Closed edstratford closed 1 year ago
There are 11 undeterminedLines
or broken
that have an explicit_spelling and transcription value of (broken area)
. I'm assuming these should be brought into conformity with the (large break)
and (# broken lines)
paradigms.
Correct. Please change as described.
There are a number of texts that have this issue that have no content at all in text_discourse, I'll leave those alone for the moment so we can address the issue of adding discourseUnit and any other relevant items to discourse separately.
SELECT te.uuid AS te_uuid, te.text_uuid, te.type
AS te_type, tm.type
AS tm_type, tm.num_value, td.uuid, td.type AS td_type, td.obj_in_text, td.word_on_tablet, td.child_num, td.parent_uuid AS td_parent_uuid, td.explicit_spelling, td.transcription FROM text_epigraphy AS te
LEFT JOIN text_discourse AS td
ON te.discourse_uuid = td.uuid
LEFT JOIN text_markup AS tm
ON te.uuid = tm.reference_uuid AND tm.type IN ("undeterminedLines","broken")
WHERE te.text_uuid NOT IN (SELECT text_uuid FROM text_discourse)
ORDER BY te.text_uuid, te.object_on_tablet;
While working on this I ran into another side issue. We have a number of duplicate object_on_tablet values in text_epigraphy, 29,266 to be exact, ranging from 2 to 5 duplicate values. I noticed this problem when I ran into columns that had been inserted without the correct object_on_tablet value, though that only makes up 4,455 of them.
SELECT *, COUNT(te.object_on_tablet) AS count FROM text_epigraphy AS te GROUP BY te.text_uuid, te.object_on_tablet HAVING COUNT(te.object_on_tablet) > 1;
SELECT *, COUNT(te.object_on_tablet) AS count FROM text_epigraphy AS te WHERE type = "column" GROUP BY te.text_uuid, te.object_on_tablet HAVING COUNT(te.object_on_tablet) > 1;
Rerun above query - this last problem might be solved.
This issue and sub issues have been moved to oare_sql.
Text_discourse represents language (words, phrases, sentences, etc.). Text_epigraphy represents the physical markings on the tablet. In text_epigraphy, we use the region to designate things that don’t fit neatly into the category of line or inside of lines (seal impressions, rulings, large breaks of an unknown # of lines).
We also need region in text_discourse to represent the one thing that won’t fit into words, numbers, phrases, clauses, sentences, or paragraphs --- large breaks in the text, where the thread of the conversation or text gets lost.
Currently, there are about 3050 instances of breaks of 1 or more lines or breaks of an unknown number of lines (a region with text_markup.type 'broken).
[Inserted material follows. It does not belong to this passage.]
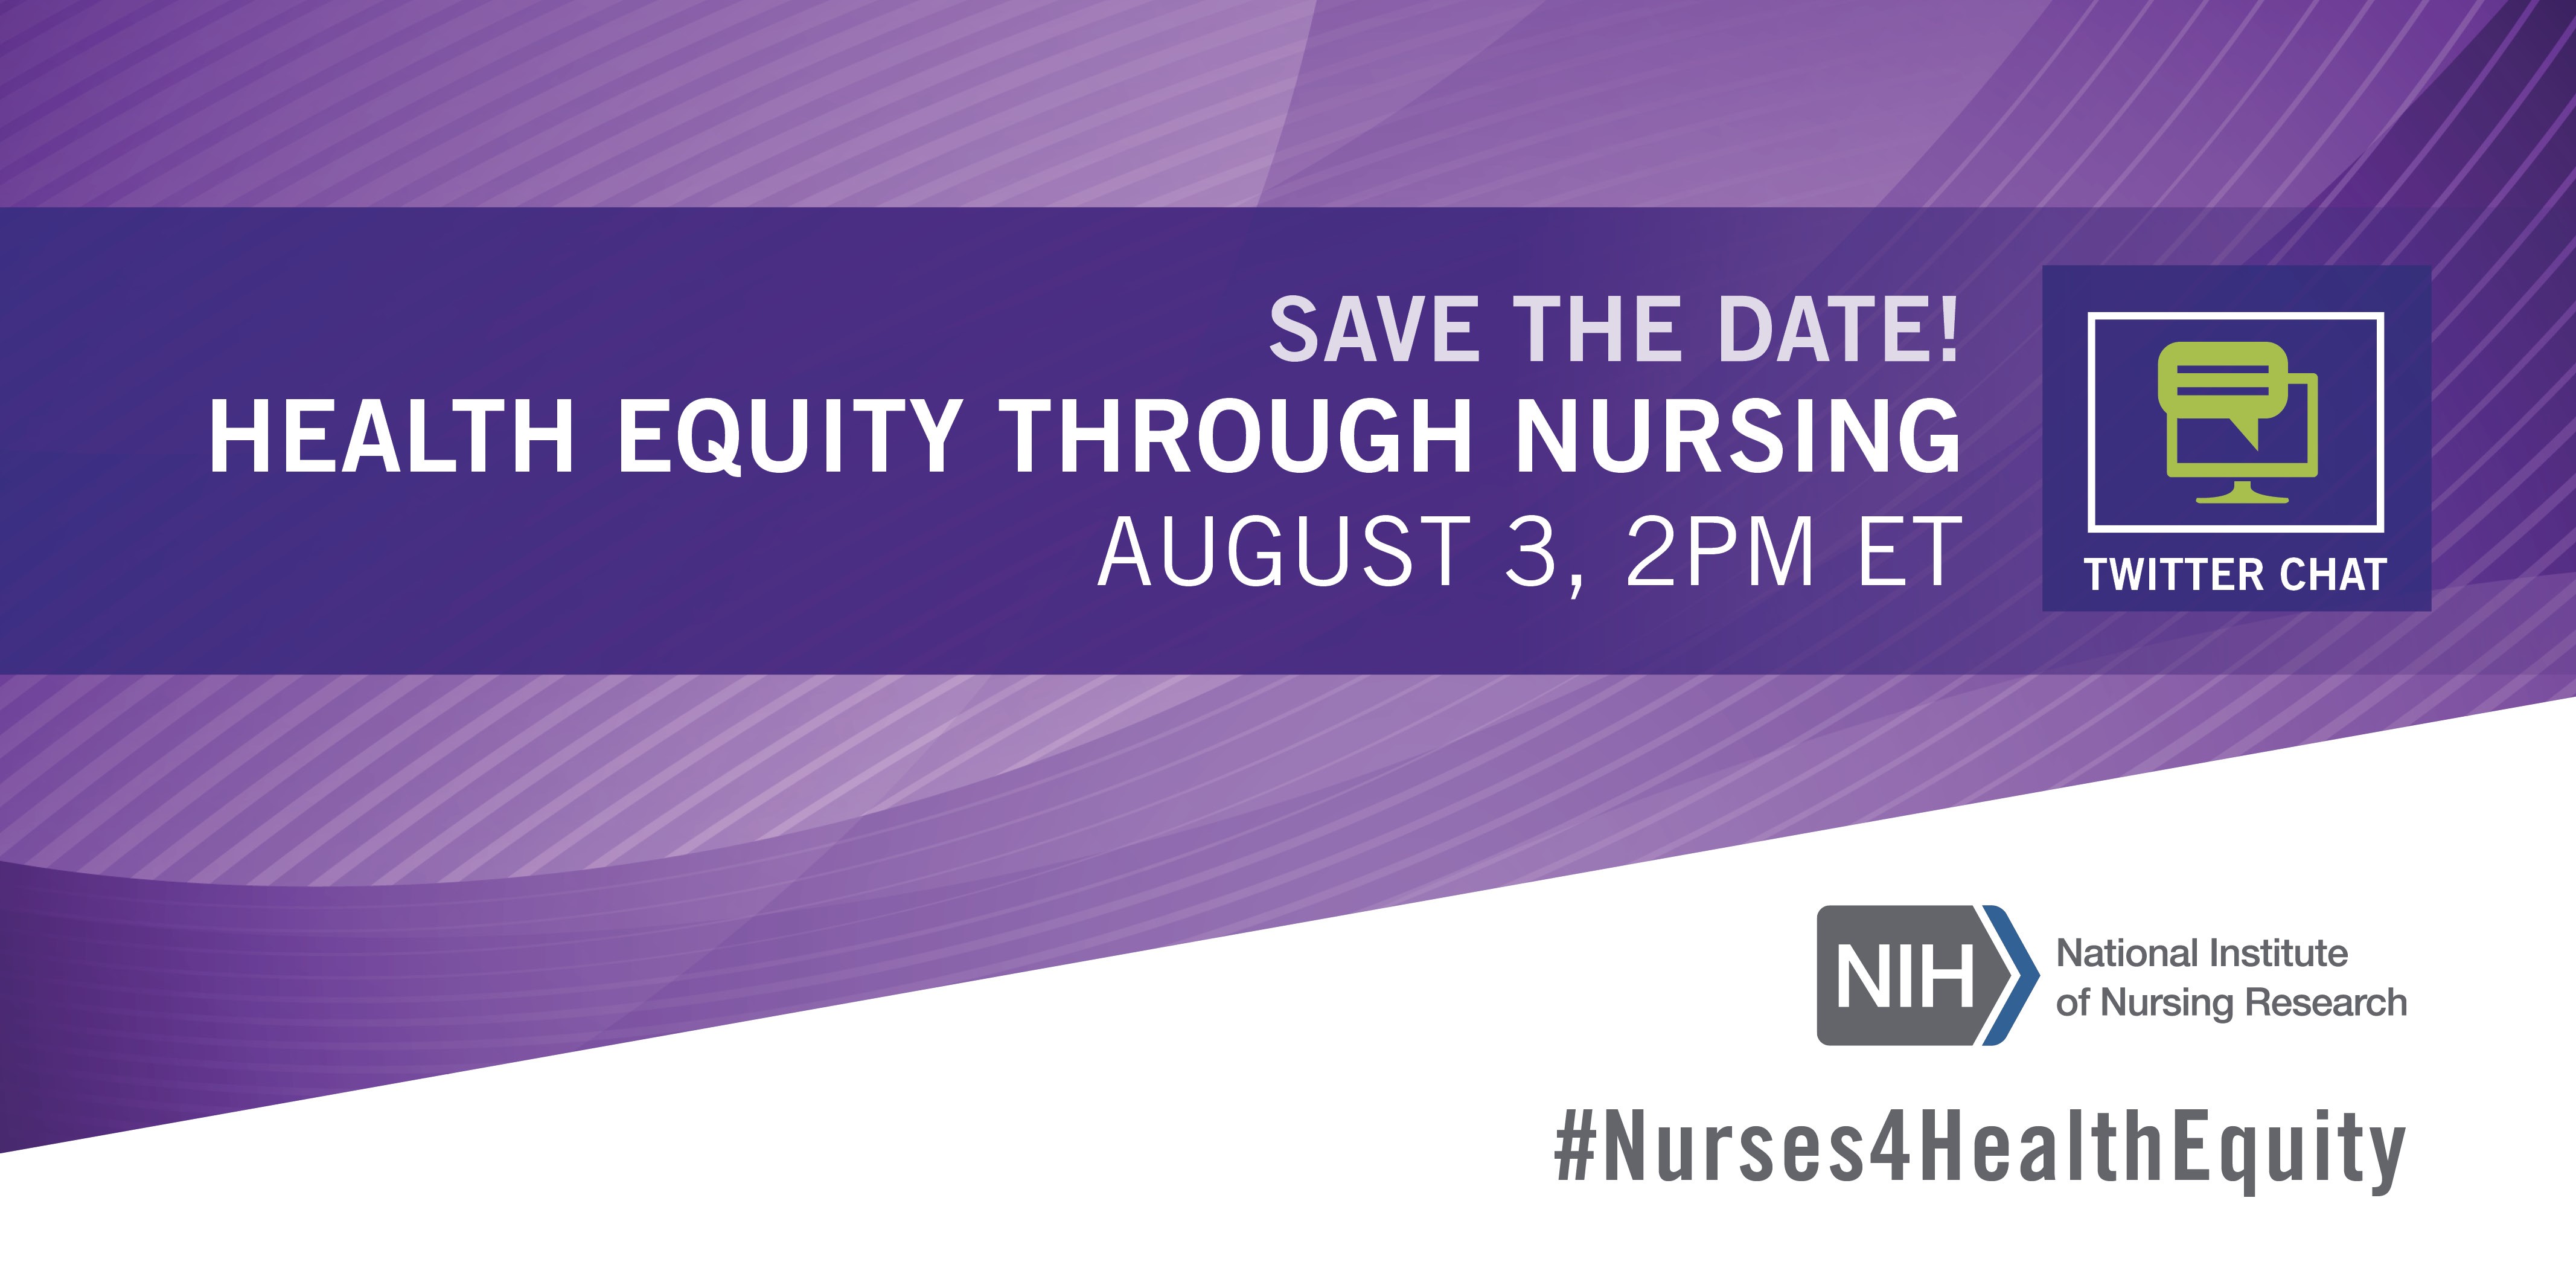 Save the Date: Health Equity Through Nursing - August 3, 2 PM

Most (2720) of these have a corresponding region in text_disocurse. These text_discourse regions have explicit_spelling and transcription content of ‘(large break)’ or ‘(# broken lines)’ .
We need to insert the remaining 330 or so of these with appropriate explicit_spelling and transcription content. The query below selects these at the top and the ones in good order below (for comparison).
these regions DO take a word_on_tablet increment (as long as that column is still in use).
Parent_uuid for all should be the discourseUnit -- for any break of more than 1 line, this will be the rule. In the future, 1 or 2 line breaks can be reviewed to see if they remain in a paragraph where the thread of the conversation is clearly on the same topic (or in debt notes, etc. where the structure of the text is obvious.
SELECT te.id, te.uuid, te.text_uuid, te.object_on_tablet, tm.*, td.id, td.uuid, td.type, td.obj_in_text, td.parent_uuid, td.explicit_spelling, td.transcription FROM text_epigraphy te INNER JOIN text_markup tm ON tm.reference_uuid = te.uuid AND tm.type IN ('undeterminedLines','broken') LEFT JOIN text_discourse td ON te.discourse_uuid = td.uuid ORDER by td.type, td.explicit_spelling, te.text_uuid;
Will require discourse_uuid on the text_epigraphy rows, and incrementing of the obj_in_text, word_on_tablet, child_num.
(FOR LATER: -> In cases where the region clearly straddles two known paragraphs (such as when two broken lines clearly have the transition between two predictable sections of a debt note -- perhaps in this case again, it should be the child of the discourse unit, and the two paragraph sections break off and resume on either side of it... MAKE DETERMINATION)